Governments have not protected the consumer from the abuses of the system. They have failed not because they didn’t know what was happening. The housing crisis was a disaster waiting to happen and the government did nothing. It has effectively transfered the wealth of millions of citizens to the wealthy, turning the country into a labor camp.
If the markets were truly free, then they would reflect the actual price a consumer was willing to pay for a product. The fact that this week 84% of Americans had concerns about the economy and high energy prices, indicates that the market does not reflect the consumer’s willingness to pay the price the market is dictating. Furthermore, it is not just the US which is bidding for world oil. Countries with far weaker currencies should effectively lower prices if it was market driven. The markets are far from free. They are being manipulated by speculators who are holding the entire world hostage and extorting from them their life blood.
The idea that markets can operate freely is idealism in this present world.
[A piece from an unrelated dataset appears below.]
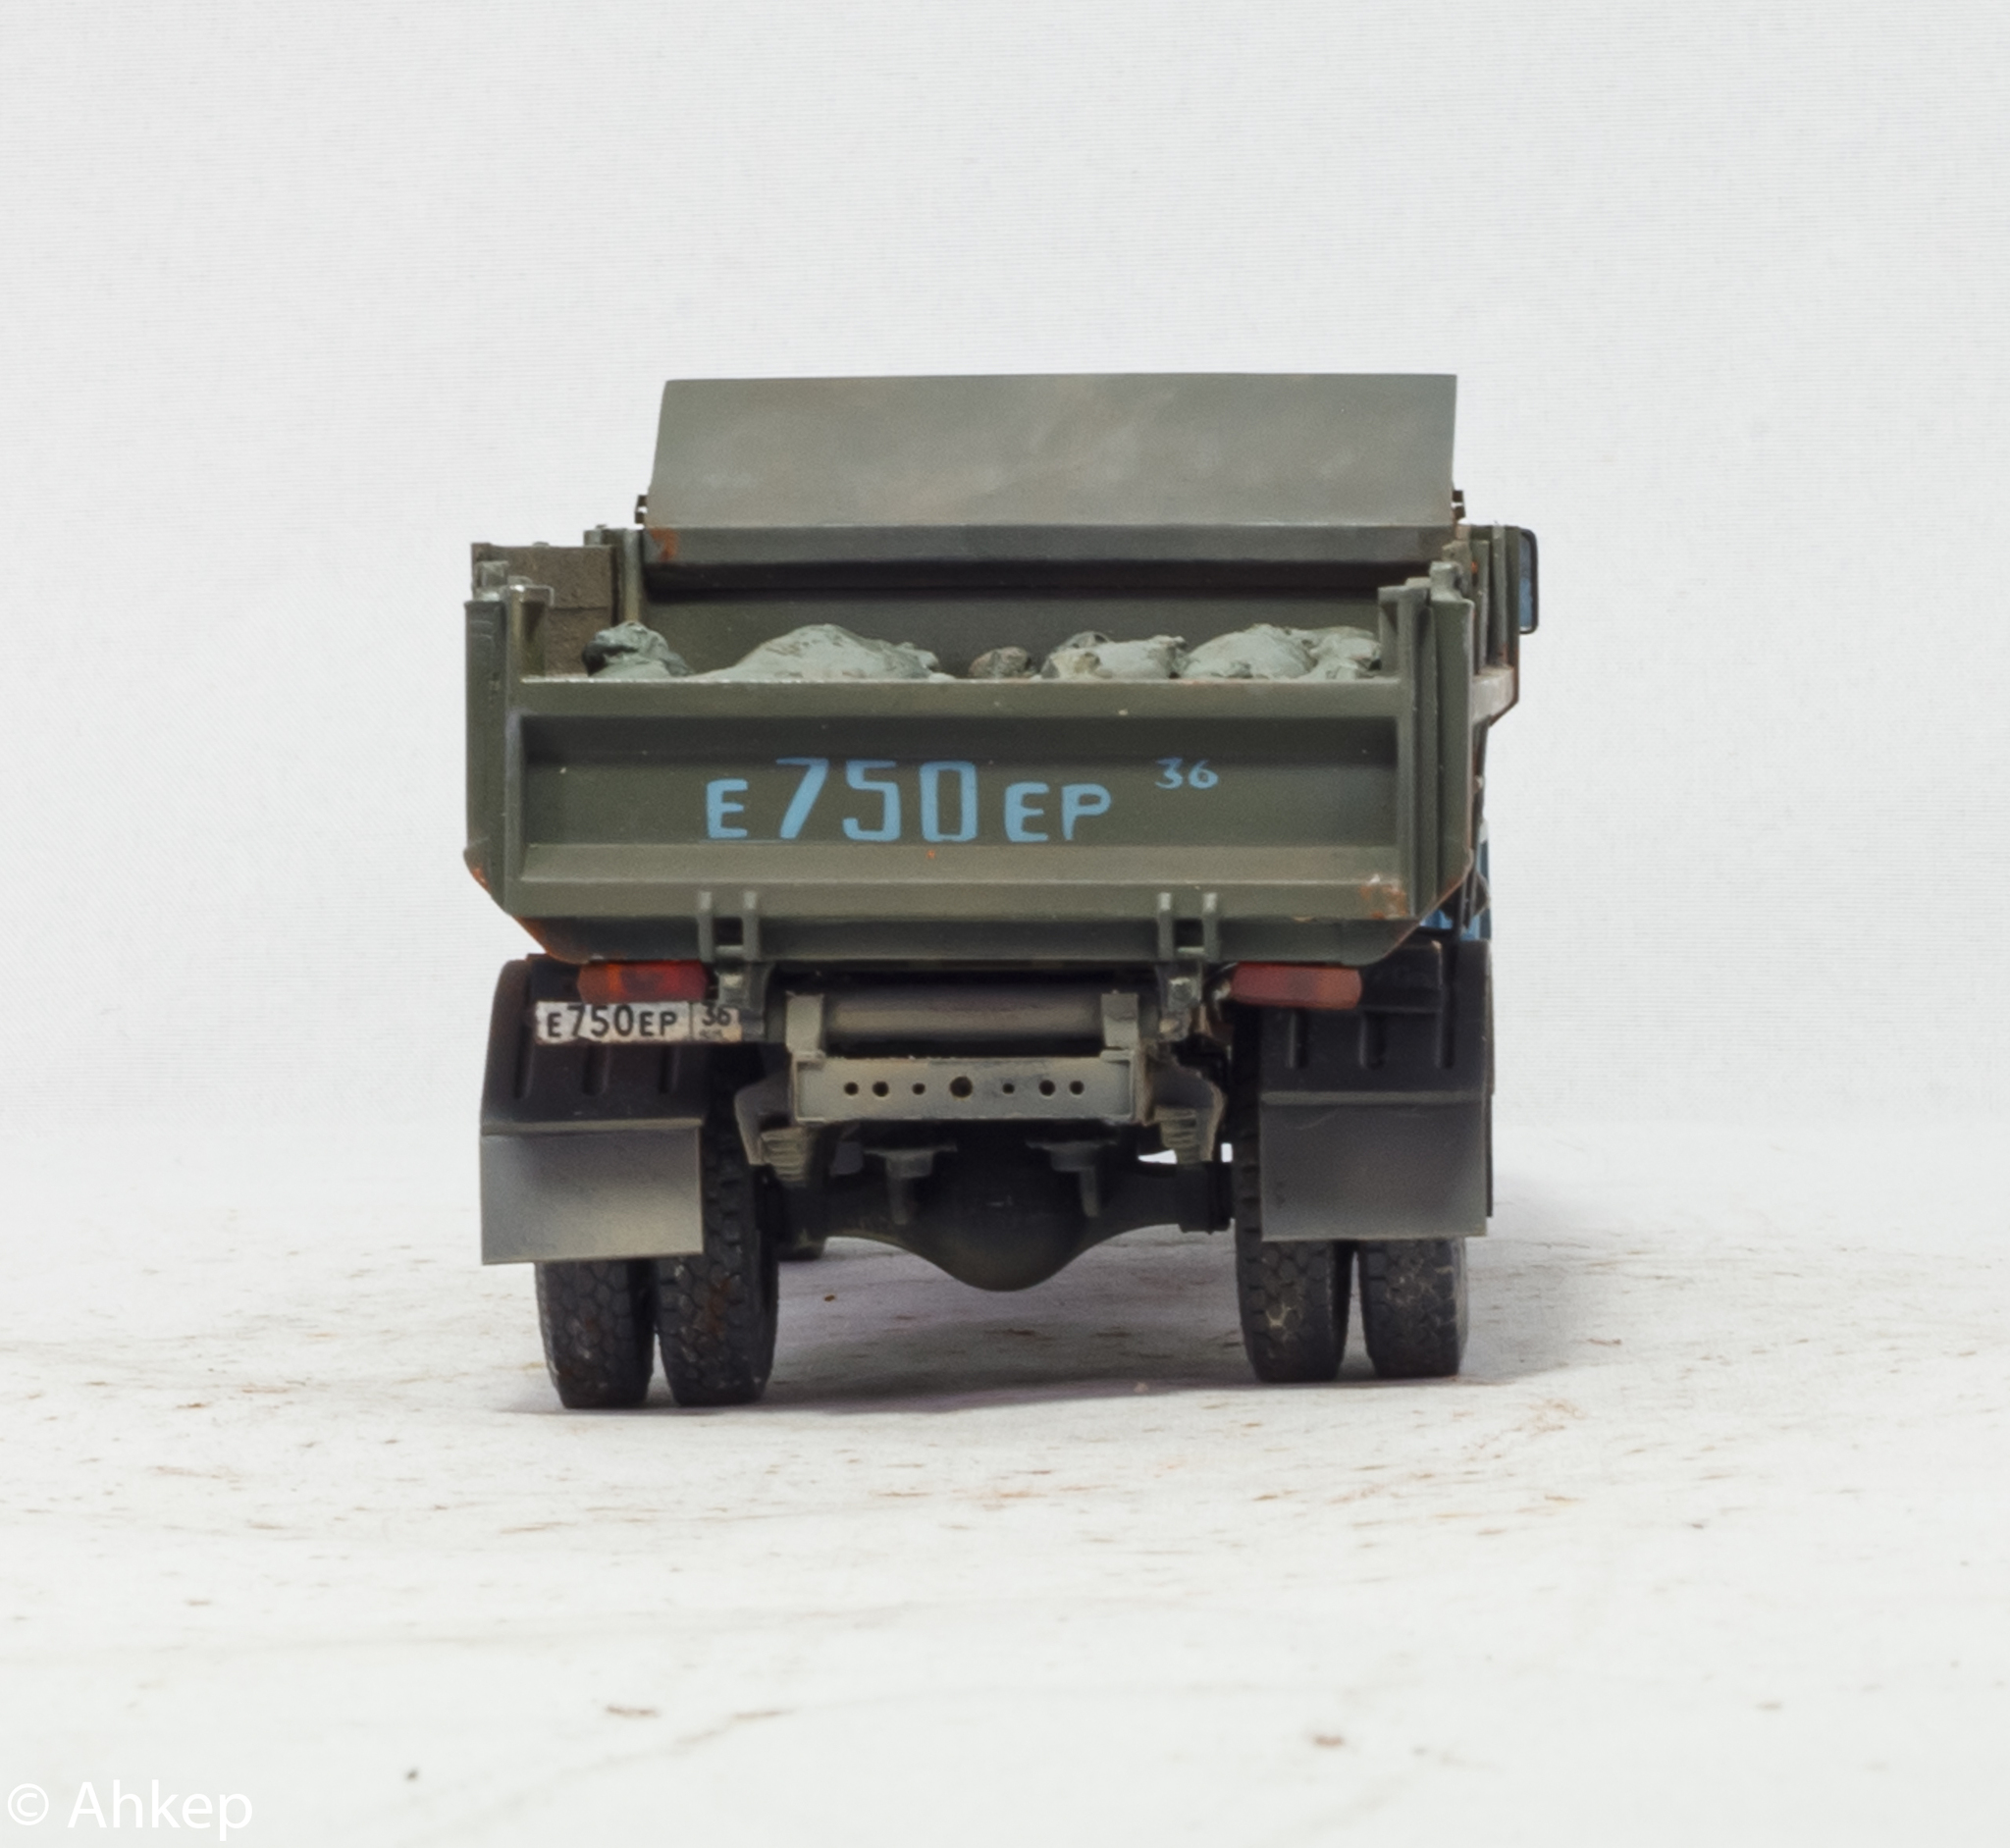 ZIL-UAMZ-4505. - My, Modeling, Scale model, Stand modeling, Painting miniatures, Collecting, Miniature, Zil, Dump truck, Truck, Longpost, Collection

General Motors has more revenue than the majority of countries in the world. When there are corporations with the financial capacity to dominate markets there is no hope of truly free markets. The consumer becomes the victim of extortion. In the case of food, people go hungry, become weak and sick, and even die in third world countries, because of market speculators and the irrational defense of the myth of free markets. There is something wrong with a system that can destroy lives and kill people in the name of profit?